In this embodiment, it is necessary to collect the three primary color information of red, green, and blue of the face image to be recognized by using the image software, and record the collected three primary color information.
And S22, performing gray level calculation based on the three primary color information of the face image to be recognized to obtain the gray level information of the face to be recognized.
And S23, setting the face image to be recognized by using the face gray scale information to be recognized to obtain a face gray scale image to be recognized.
In this embodiment, information values of three primary colors are obtained through image software, a gray level information value of a face to be recognized, which needs to be set, is obtained through an average value method, and simultaneously, the information values of the three primary colors are set as the gray level information value of the face to be recognized through the image software, so as to obtain a gray level image. For example: the formula of the average method is:
C=(R+B+G)/3;
the method comprises the steps of obtaining a gray level information value to be set, obtaining a red information value in a face image to be recognized, obtaining a blue information value in the face image to be recognized, obtaining a green information value in the face image to be recognized, and obtaining a gray level information value in the face image to be recognized.
And when the C value is obtained, setting the three primary colors as the C value one by using image software, and obtaining the gray image of the face image to be recognized.
Optionally, when the gray-scale value is adjusted, the adjustment may also be performed according to the brightness characteristic of the light.
In this embodiment, the image graying processing is performed on the face image to be recognized, so as to obtain a better edge contour of a single face in the face image, thereby further improving the accuracy of facial expression recognition.
Optionally, before step S4 in the method for recognizing facial expression based on complex scene provided in this embodiment, the method further includes: and sending the gray level image of the face to be recognized into a Gaussian filter for image filtering to obtain a filtering image to be recognized by the face.
In this embodiment, a gaussian filter is used to filter a face grayscale image to be recognized, then a gradient amplitude and a gradient direction are calculated through a derivative, then non-maximum suppression is performed according to the amplitude and the gradient direction, and then a dual threshold is used to perform detection to connect edge points of the face grayscale image, so as to obtain an edge of the face image.
Optionally, as shown in fig. 3, step S4 in the method for recognizing facial expressions based on complex scenes provided in this embodiment further includes:
and S41, acquiring the face features in the gray level image of the face to be recognized.
In this embodiment, a gray-scale image of the face to be recognized may be obtained through step S3, and facial features may be extracted from the gray-scale image of the face to be recognized, where the facial features may be facial feature information, such as: ear, nose, mouth, eye information.
And S42, judging whether the face features meet the edge contour generation conditions of the face to be recognized or not based on the face features.
In this embodiment, the condition for generating the edge contour of the face to be recognized is whether face facial features corresponding to face information in the gray-scale image of the face to be recognized are complete, that is, whether facial feature information in the face information is defective or not needs to be recognized and judged, and if the facial feature is defective, the accuracy of subsequent facial expression recognition is affected, so that in order to ensure the accuracy of facial expression recognition, incomplete face information needs to be removed, so as to ensure the accuracy of a final result.
And S43, if the facial features of the human face meet the edge contour generation condition of the human face to be recognized, obtaining the edge contour of the human face to be recognized.
In this embodiment, if the facial features of the human face satisfy the edge contour generation condition of the human face to be recognized, the obtained edge contour of the human face to be recognized is highlighted.
And S44, if the face features do not meet the edge contour generation conditions of the face to be recognized, re-acquiring the face features in the gray level image of the face to be recognized.
Optionally, as shown in fig. 4, step S5 in the method for recognizing facial expression based on complex scene provided in this embodiment further includes:
and S51, acquiring the facial expression image.
In this embodiment, the facial expression pictures may be extracted from an existing facial database, and the facial expression pictures are arranged into a facial expression image set, where the image set is used to train a facial expression recognition model.
And S52, extracting facial expression features based on the facial expression images to obtain the facial expression features.
In this embodiment, the expression features and facial features may be extracted from the facial expression image.
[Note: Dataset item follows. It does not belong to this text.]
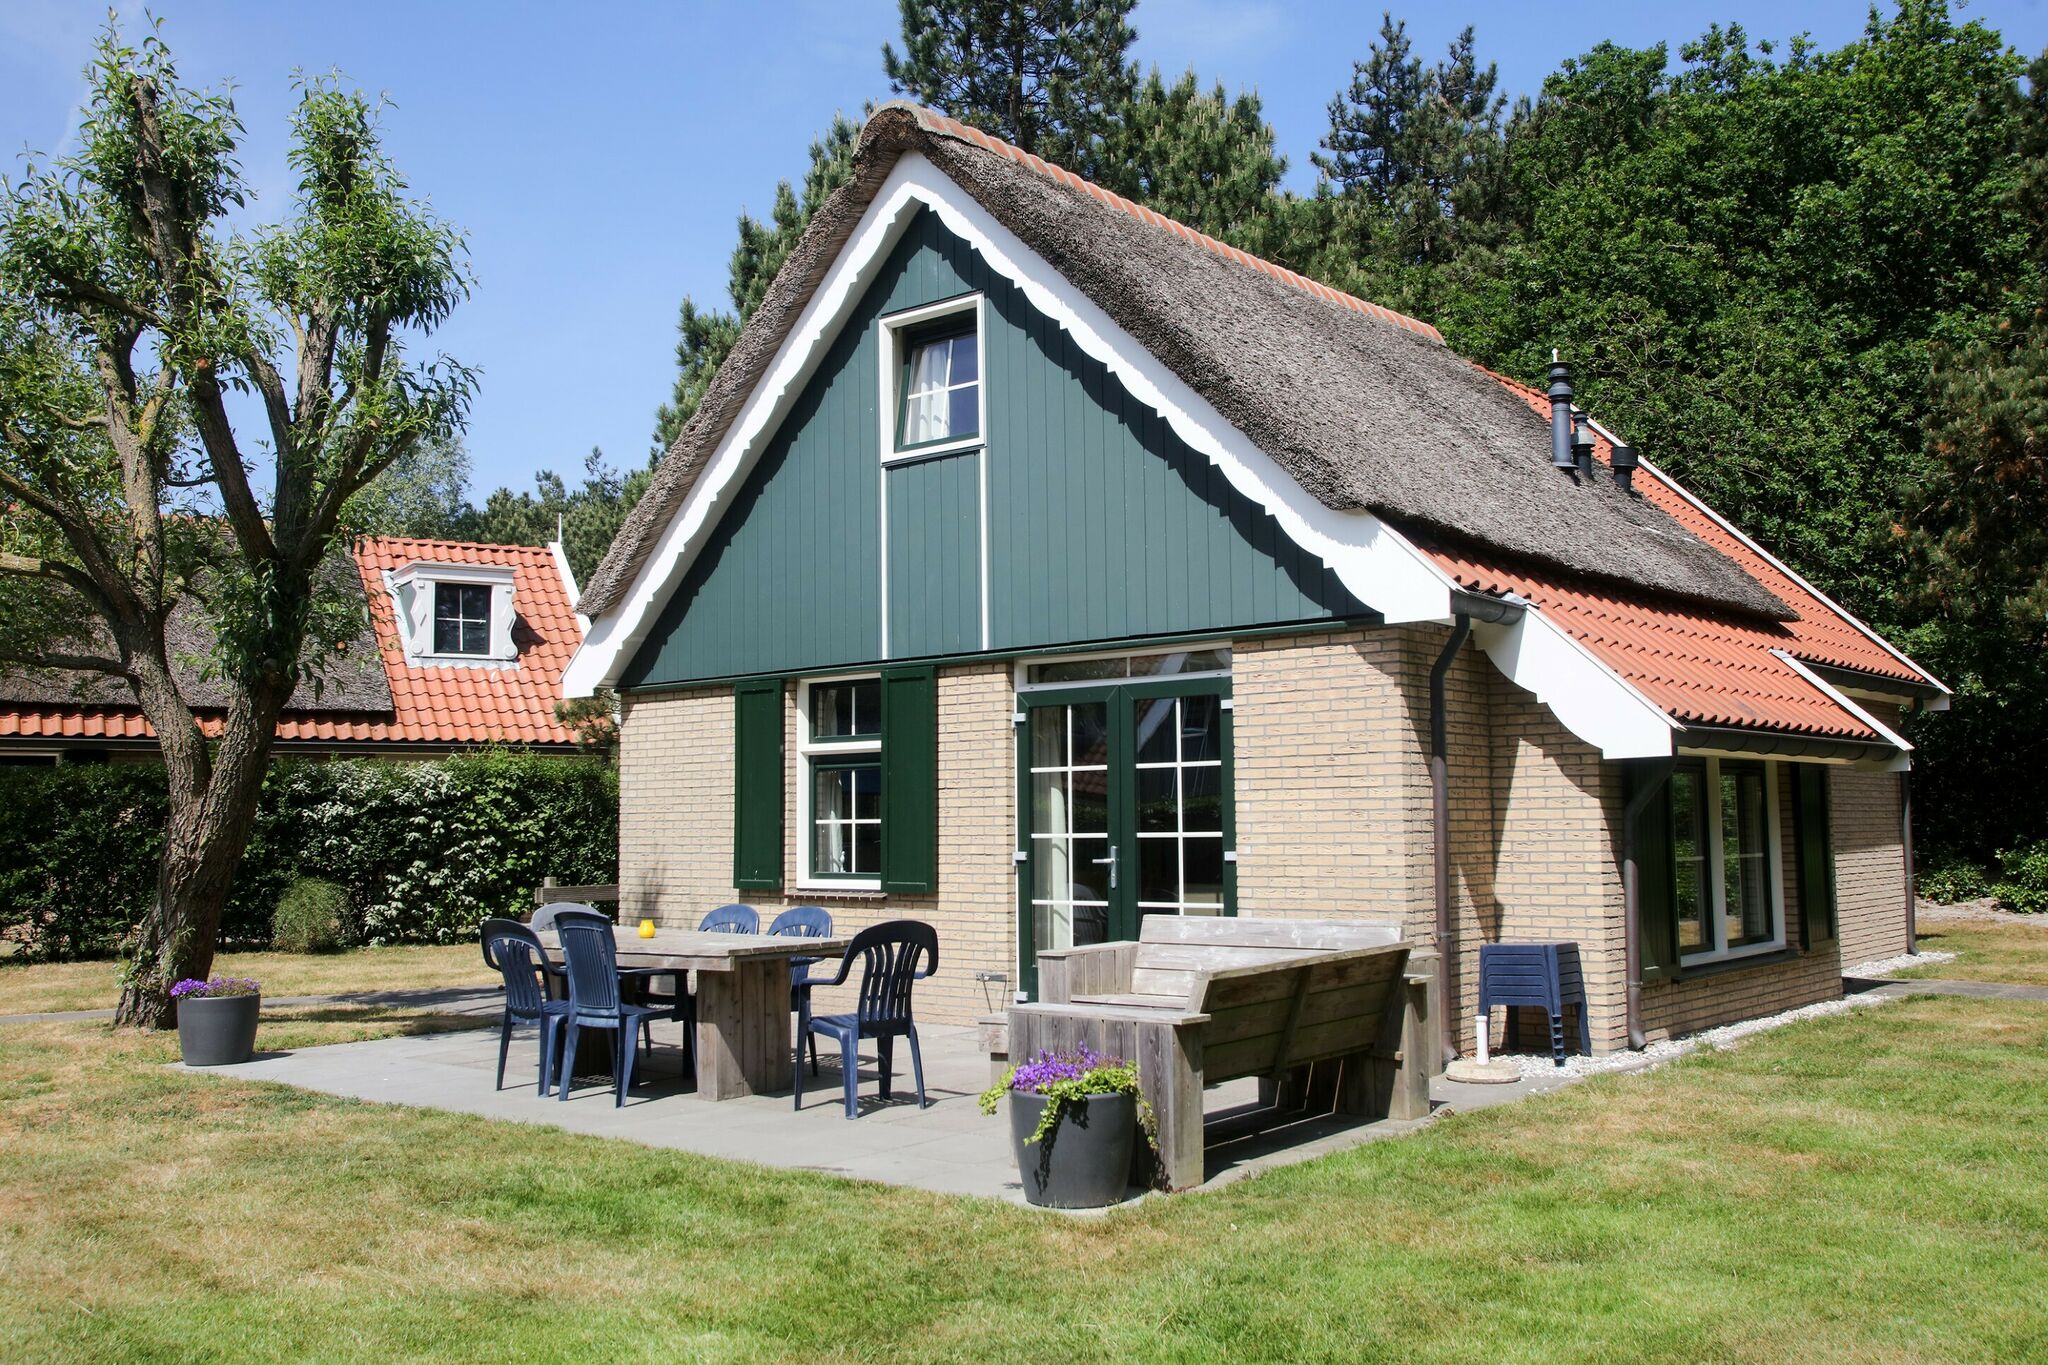 Gerestyld landhuis met afwasmachine, 2 km. van zee op Texel

For example: the facial expression features may be raised pictures of the corners of the mouth in the face information.
And S53, sending the facial expression features and the facial expression images into a recognition model for iterative training to obtain a facial expression recognition model.
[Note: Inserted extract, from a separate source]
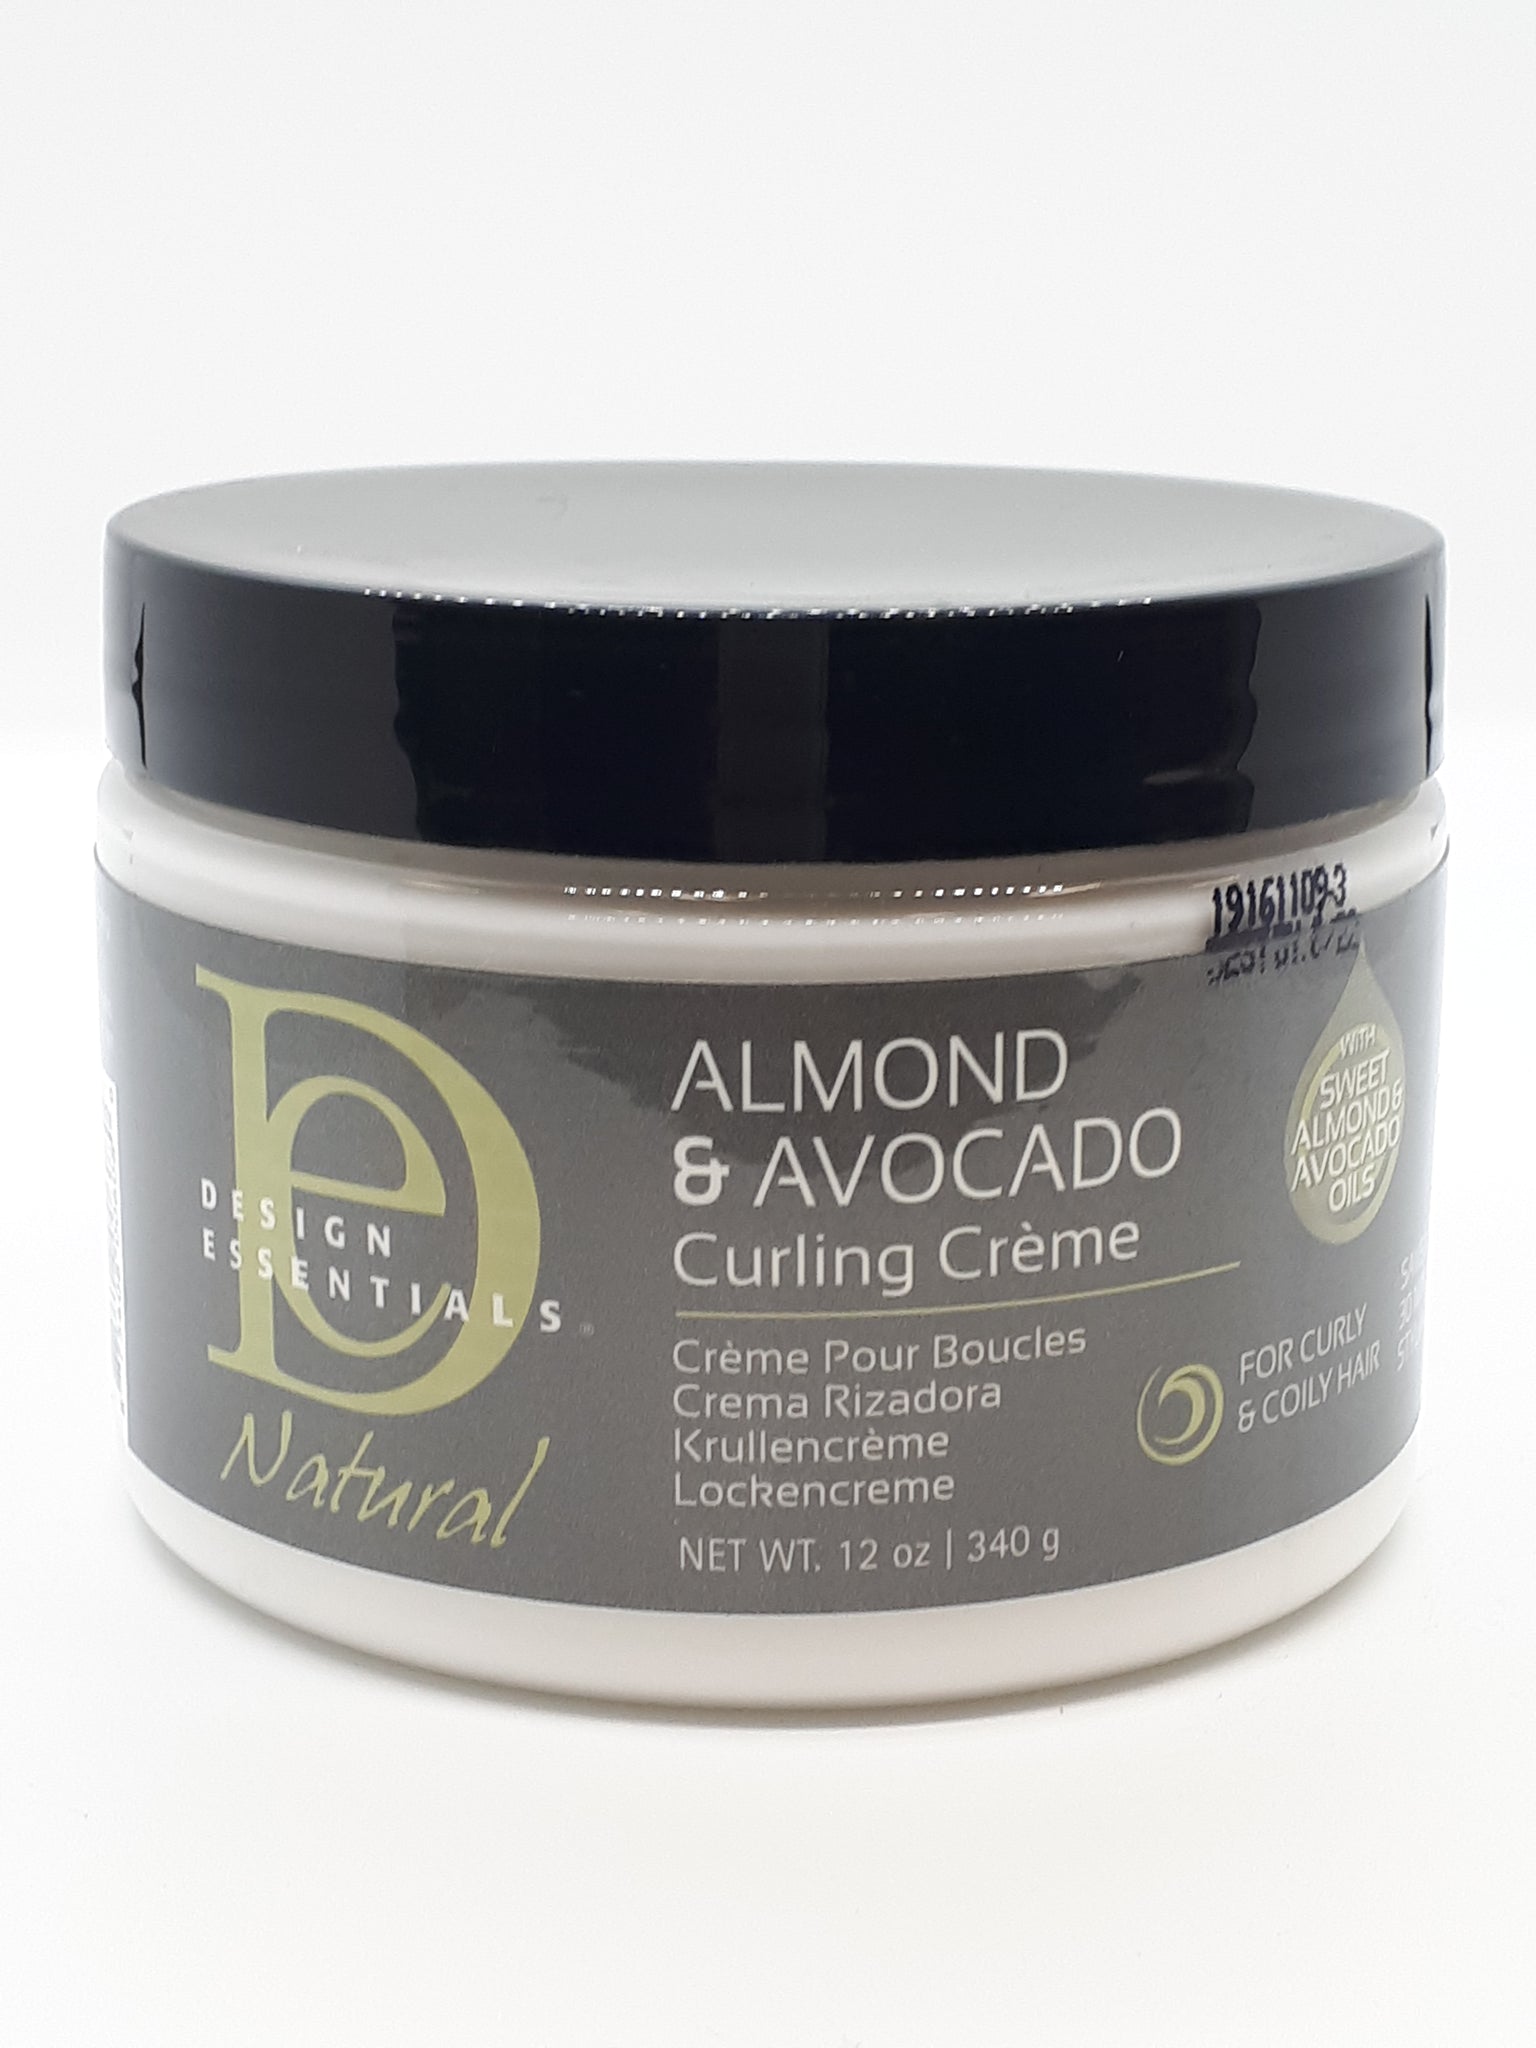 DESIGN ESSENTIALS - Almond & Avocado Curling Crème

In this embodiment, partial image information may be extracted from the facial expression image, facial expression feature extraction may be performed on the image information, and then the extracted feature data is used as a reference, and the reference feature information and the facial expression image are sent to a recognition model for training, so as to obtain a facial expression recognition model.
S54, intercepting the face to be recognized based on at least one facial expression recognition window to obtain facial expression information to be recognized;
and S55, sending the facial expression information to be recognized into a facial expression recognition model for facial expression recognition, and outputting the facial expression recognition information.
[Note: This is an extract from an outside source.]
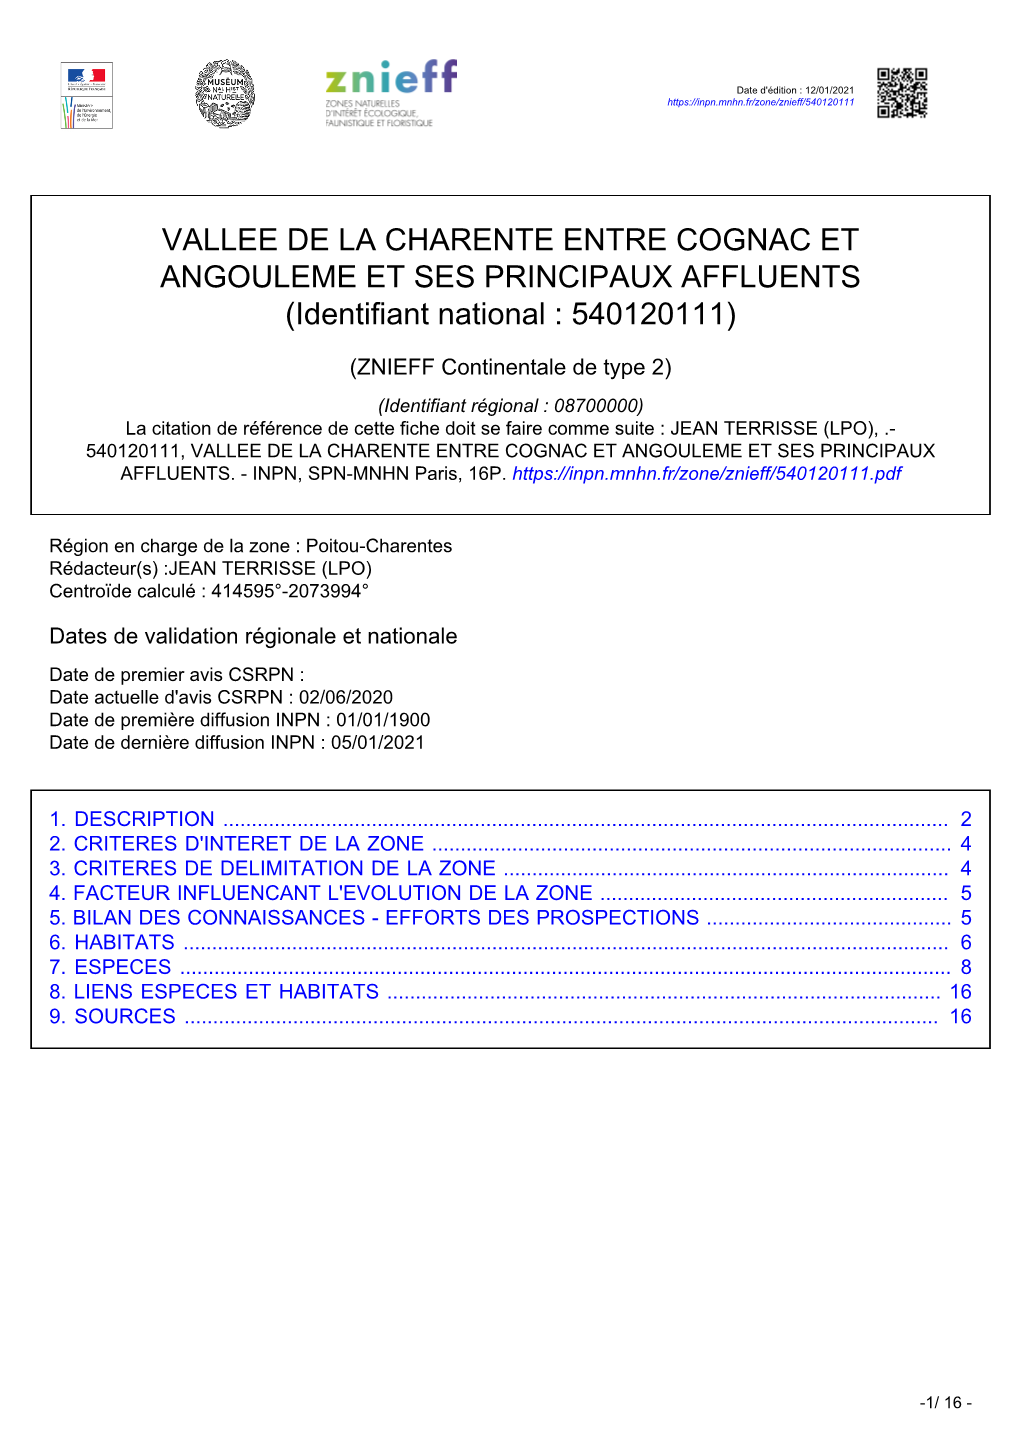 VALLEE DE LA CHARENTE ENTRE COGNAC ET ANGOULEME ET SES PRINCIPAUX AFFLUENTS (Identifiant National : 540120111)

In this embodiment, the obtained facial expression recognition model is matched with a facial expression recognition window marked in a to-be-recognized facial image, wherein the facial expression recognition window intercepts facial expression information first, and then sends the intercepted facial expression information to the facial expression recognition model for facial information recognition, so as to realize rapid and accurate acquisition of facial expression information.
Optionally, the facial expression recognition window is determined according to the quantity information in the facial image, when a face needs to be recognized by multiple facial expressions in a complex scene, multiple facial expression recognition can be performed through the facial expression recognition method based on the complex scene provided by the application, because the method generates a pair of detection recognition windows, namely the facial expression recognition windows, on a single image, each window is equivalent to an independent detection device, when multiple faces on the same image are recognized, the facial expression difference between individuals of each facial face in the same image can be reduced, or each facial image can be influenced by background conditions such as environment, lighting position, shielding and the like in the process of facial recognition, so that the multiple facial expressions in the facial image can be accurately recognized.
In addition, it should be understood that the sequence numbers of the steps in the foregoing embodiments do not imply an execution sequence, and the execution sequence of each process should be determined by its function and inherent logic, and should not constitute any limitation to the implementation process of the embodiments of the present invention.
Accordingly, referring to fig. 5, an embodiment of the present invention provides a device for recognizing facial expressions based on a complex scene, where the device includes:
the first acquisition module 1 is used for acquiring a face image to be recognized; wherein the face image to be recognized comprises at least one face to be recognized, and the detailed content refers to step S1;
the processing module 2 is configured to perform image graying processing based on the face image to be recognized to obtain a face grayscale image to be recognized, and the detailed content refers to step S2;
the detection module 3 is configured to perform edge detection according to the gray level image of the face to be recognized, to obtain an edge contour of the at least one face to be recognized in the gray level image of the face to be recognized, and the detailed content refers to step S3;
a setting module 4, configured to generate at least one facial expression recognition window based on the edge contour of the at least one face to be recognized, where the detailed content refers to step S4;
the first recognition module 5 is configured to perform facial expression recognition on a face in a facial image to be recognized by using the at least one facial expression recognition window, and the detailed content refers to step S5.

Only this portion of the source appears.